__Your goal__
Print, please, exactly the lines from the one with "Subaru привезет в Россию две новинки" through the final line of the data below, with both ends included and the pictures left out.

__Recorded data__
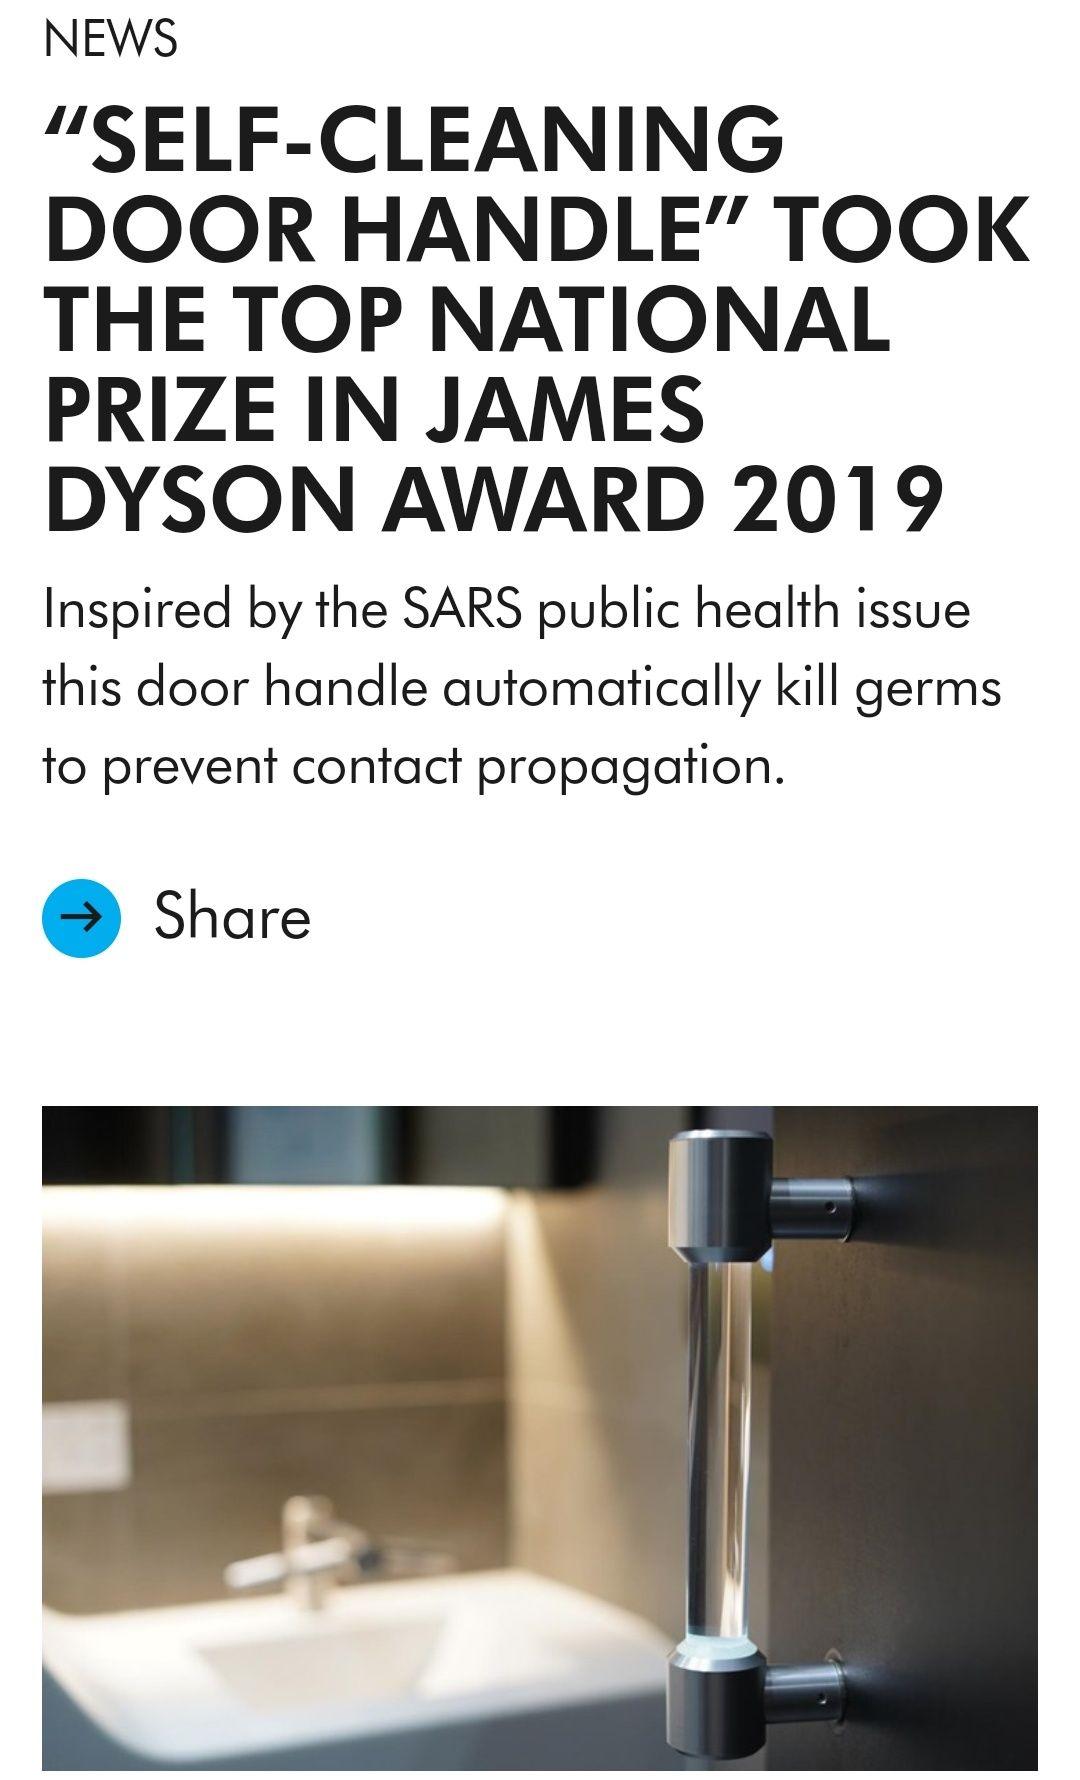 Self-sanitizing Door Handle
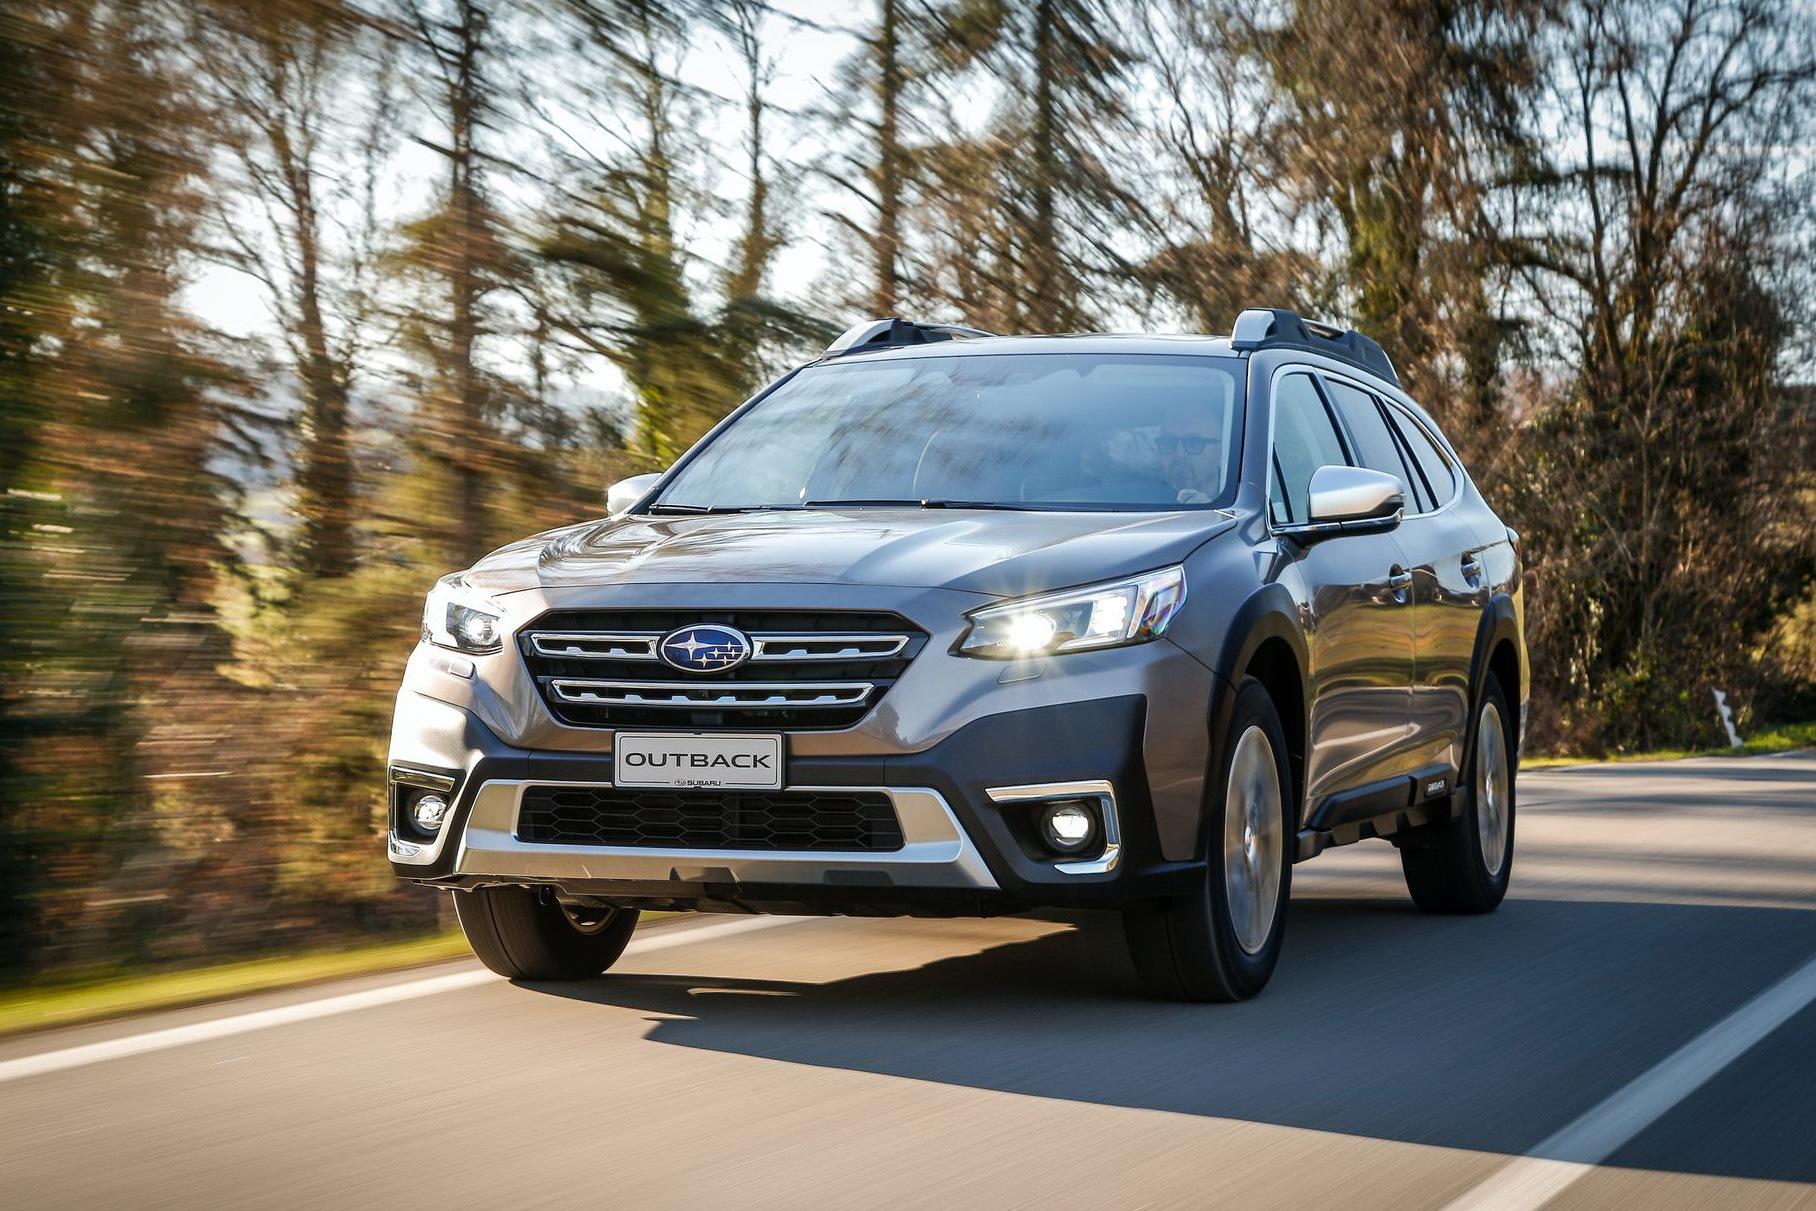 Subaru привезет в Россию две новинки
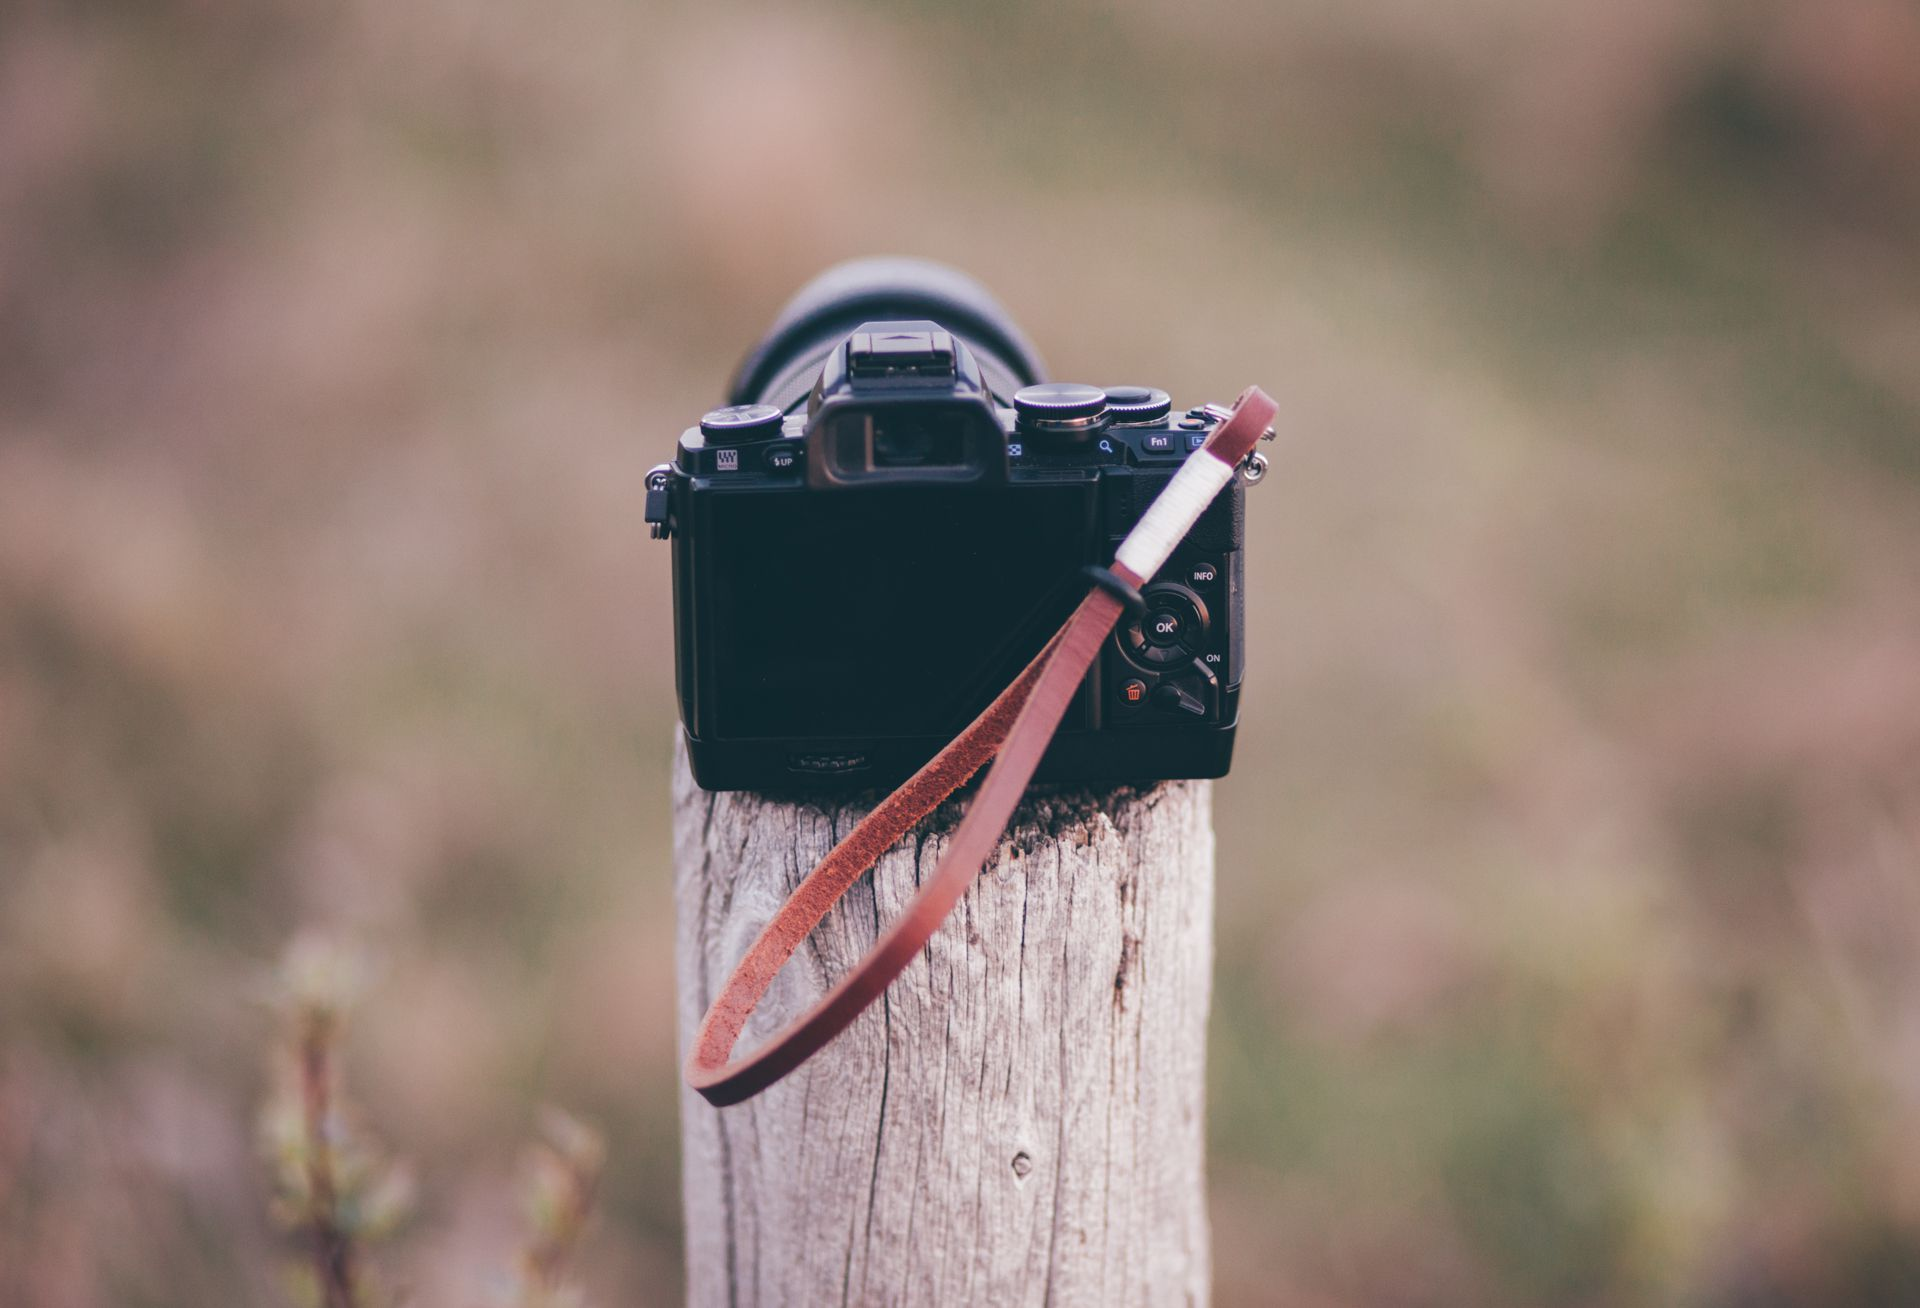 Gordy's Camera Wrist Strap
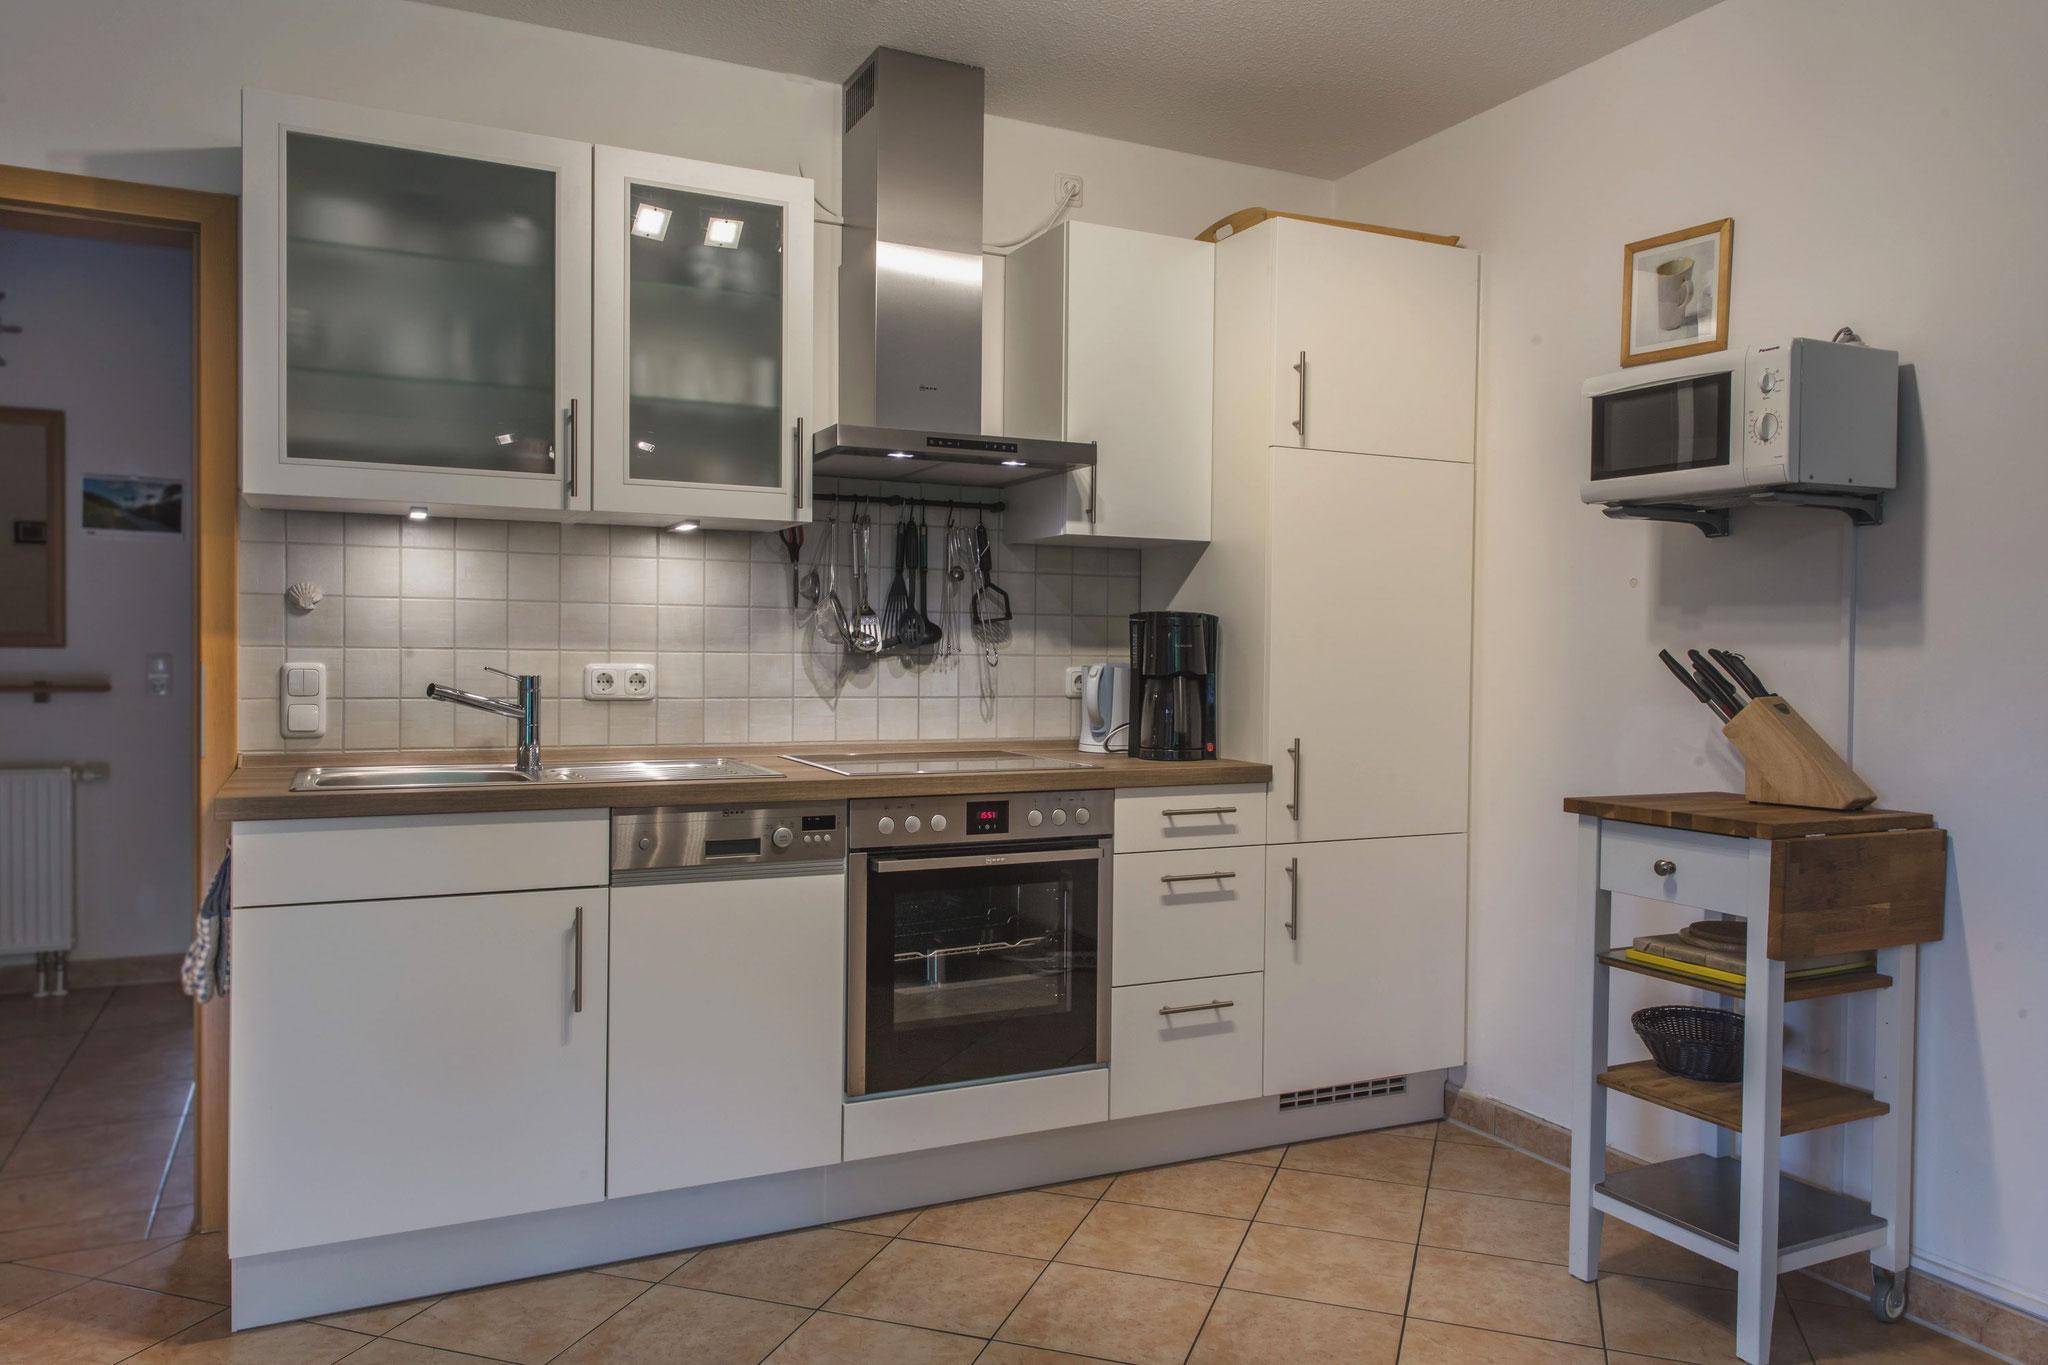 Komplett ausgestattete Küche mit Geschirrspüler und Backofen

__Exercise response__
 Subaru привезет в Россию две новинки
 Gordy's Camera Wrist Strap
 Komplett ausgestattete Küche mit Geschirrspüler und Backofen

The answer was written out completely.